(Beginning of Exercise material)

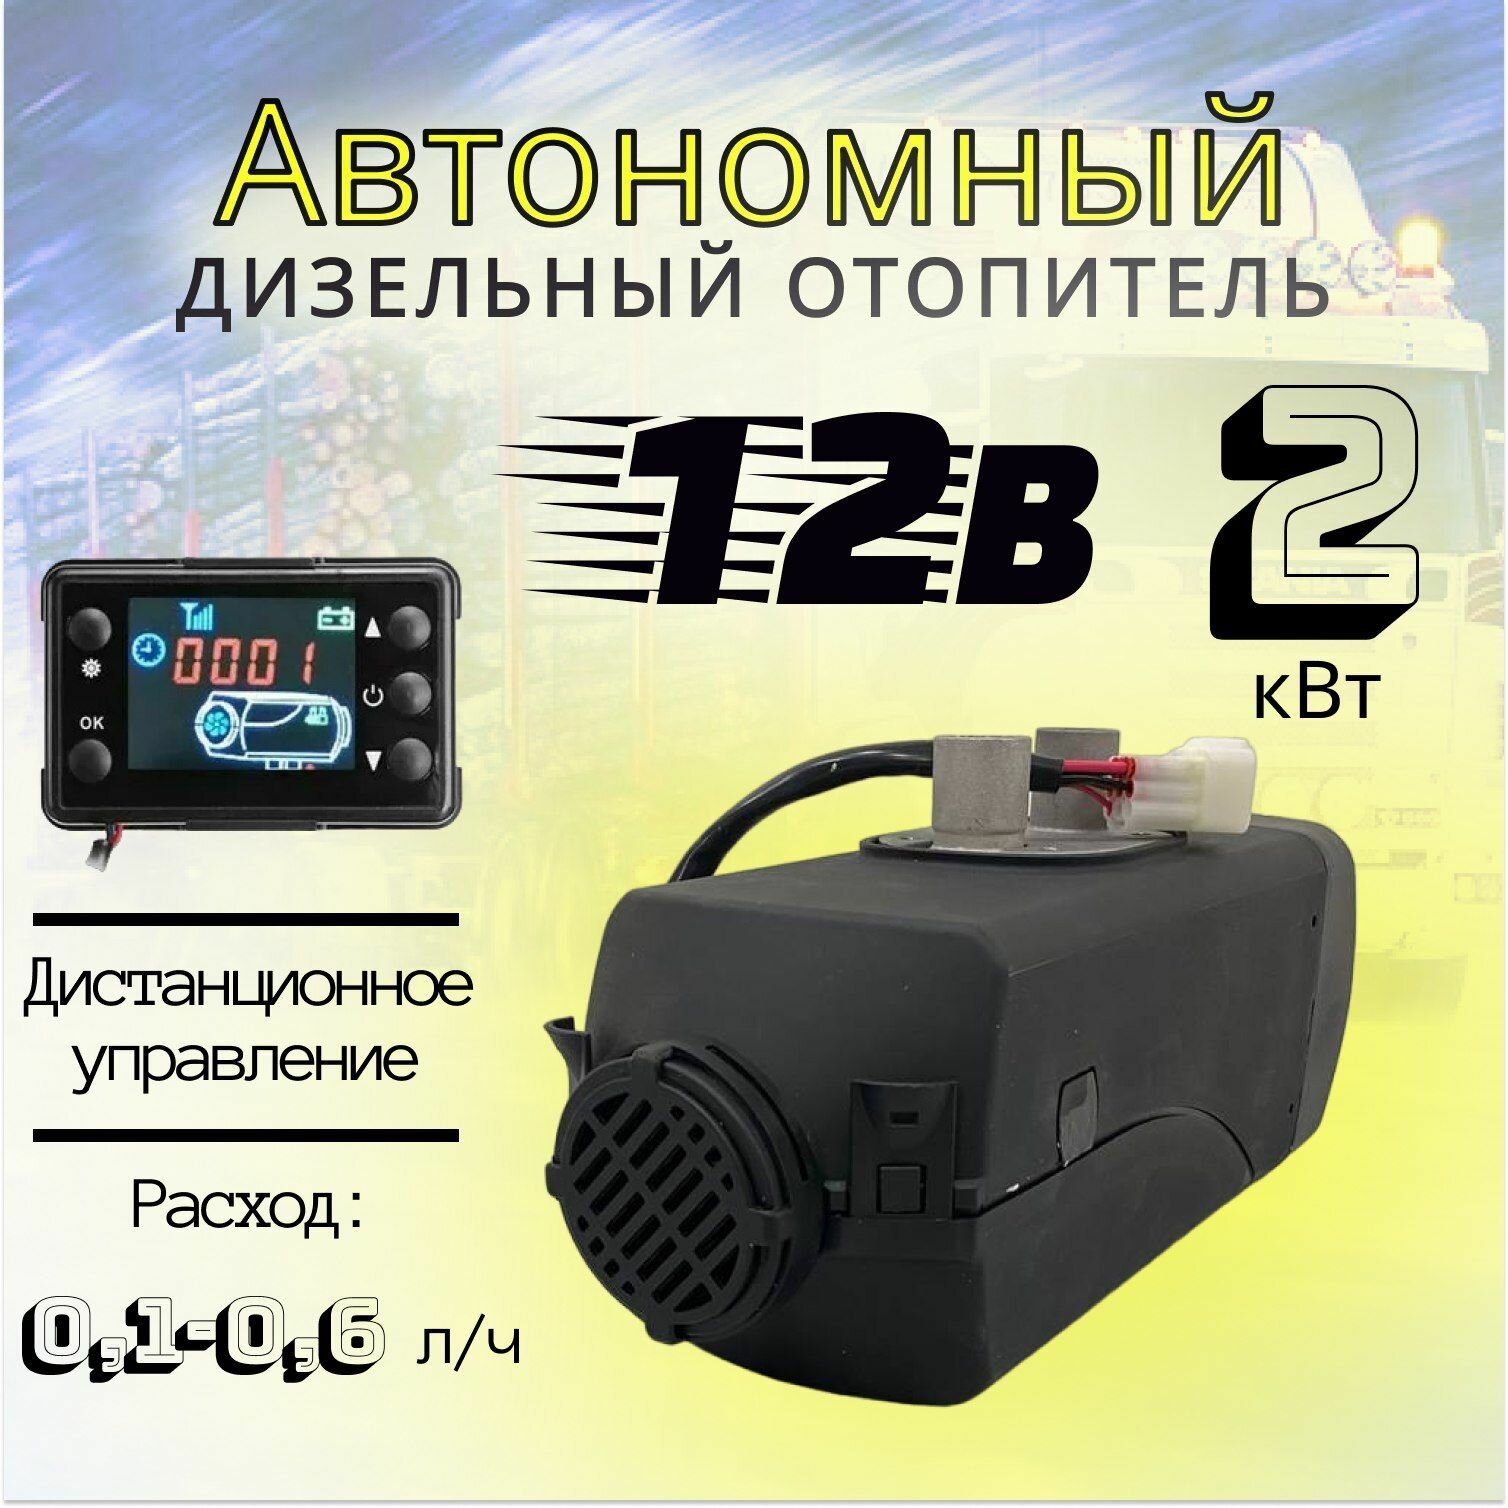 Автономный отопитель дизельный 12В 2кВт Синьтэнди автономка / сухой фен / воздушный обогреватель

(End of Exercise material)
(Beginning of Exercise material)

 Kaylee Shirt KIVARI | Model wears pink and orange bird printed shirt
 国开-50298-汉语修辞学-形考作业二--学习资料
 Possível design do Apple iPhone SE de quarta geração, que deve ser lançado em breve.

(End of Exercise material)
(Beginning of Exercise material)

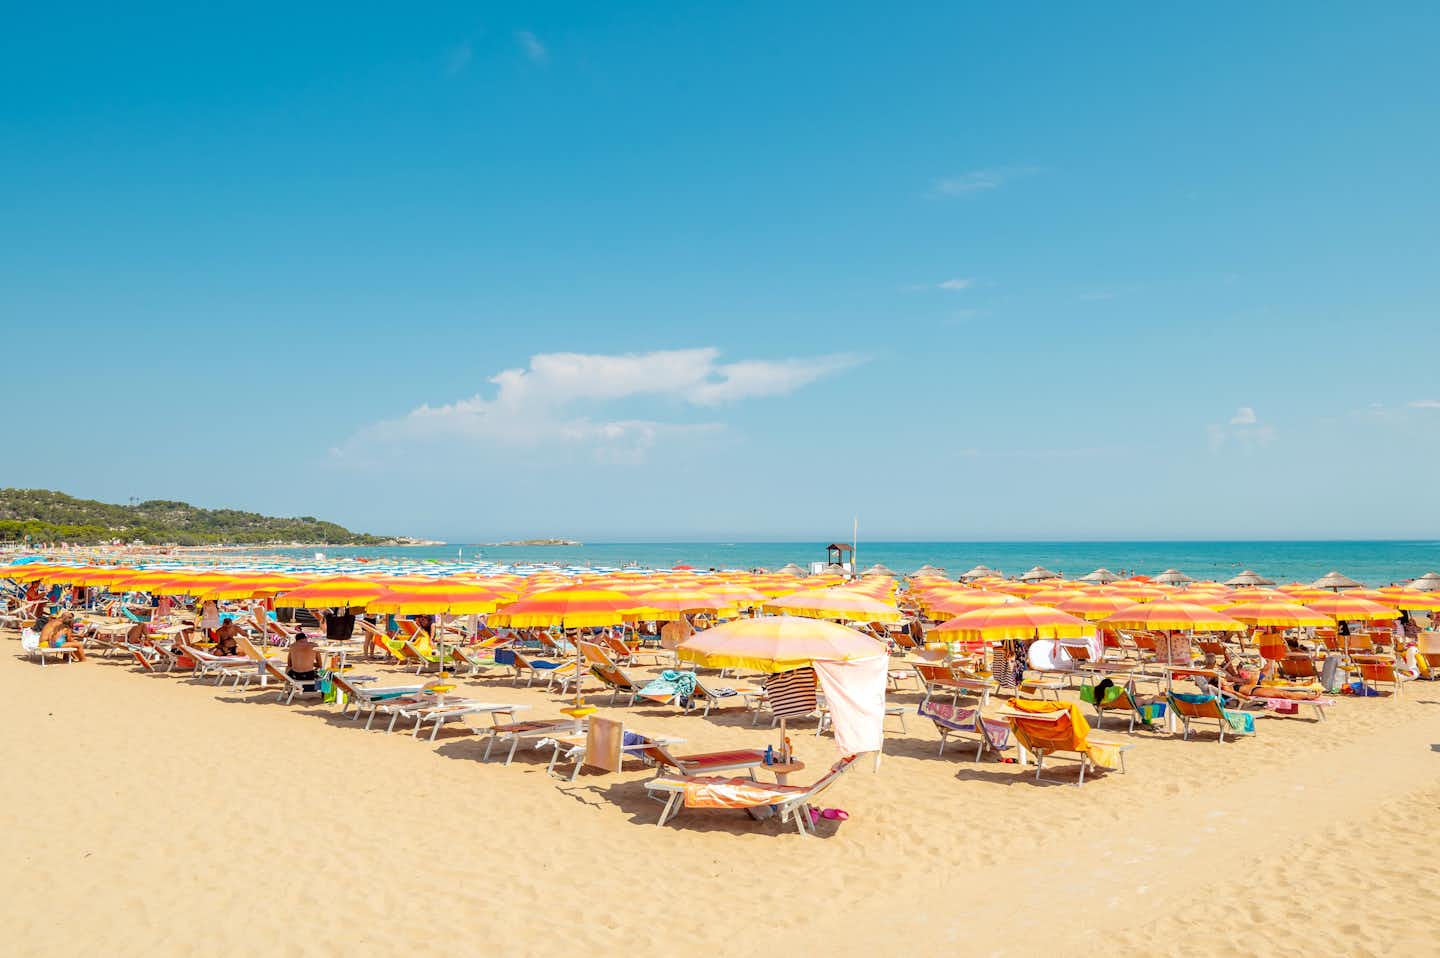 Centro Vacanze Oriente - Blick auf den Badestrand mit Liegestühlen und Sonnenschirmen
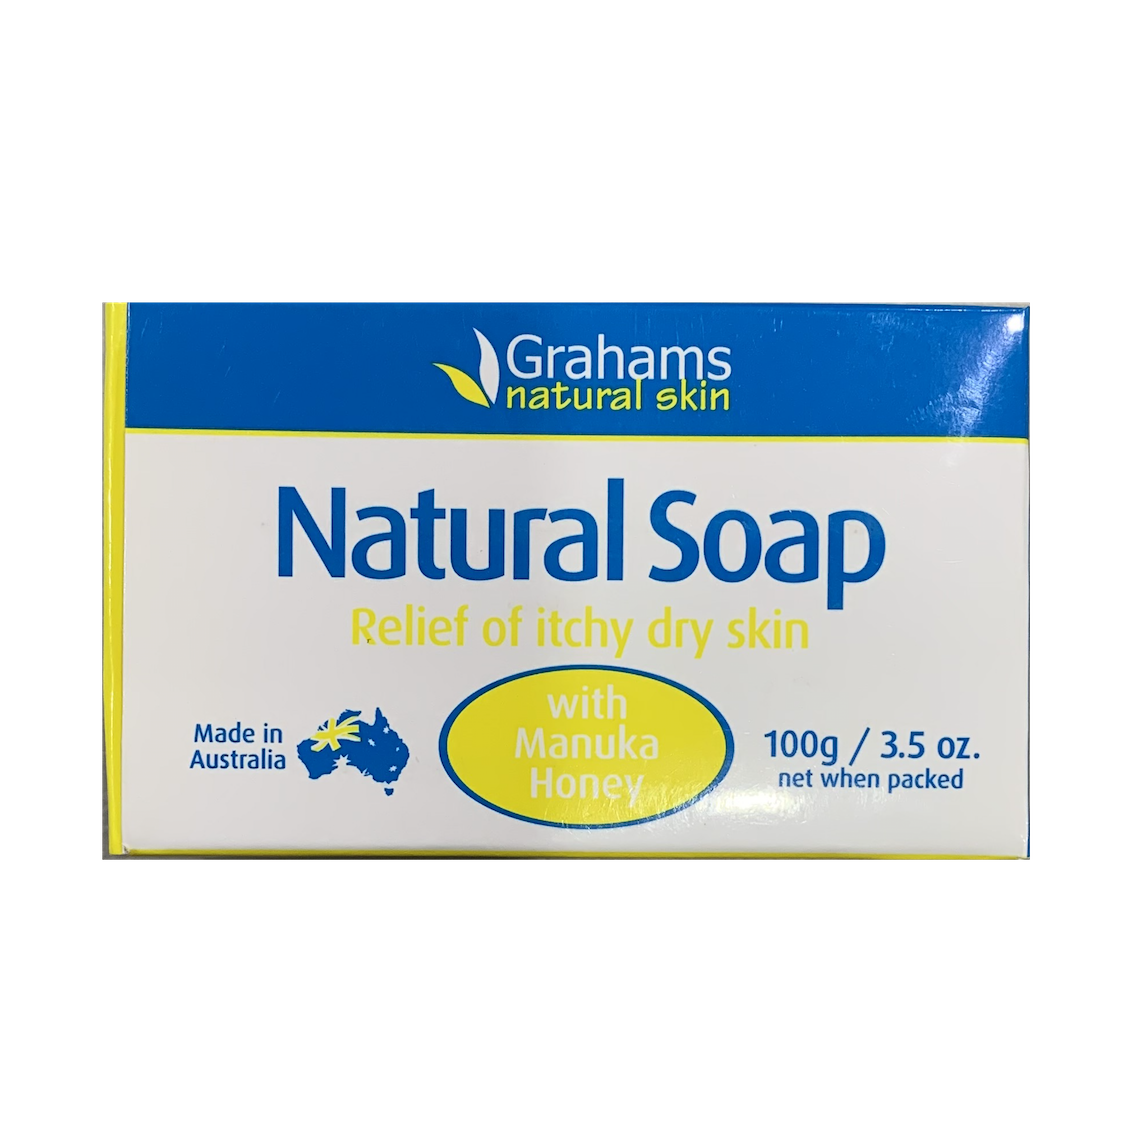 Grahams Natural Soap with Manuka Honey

(End of Exercise material)

Transcribe the listing above exactly, but only from the line with "Centro Vacanze Oriente" through the line with "Grahams Natural Soap with Manuka Honey". Include both of those lines and omit the pictures.

 Centro Vacanze Oriente - Blick auf den Badestrand mit Liegestühlen und Sonnenschirmen
 Grahams Natural Soap with Manuka Honey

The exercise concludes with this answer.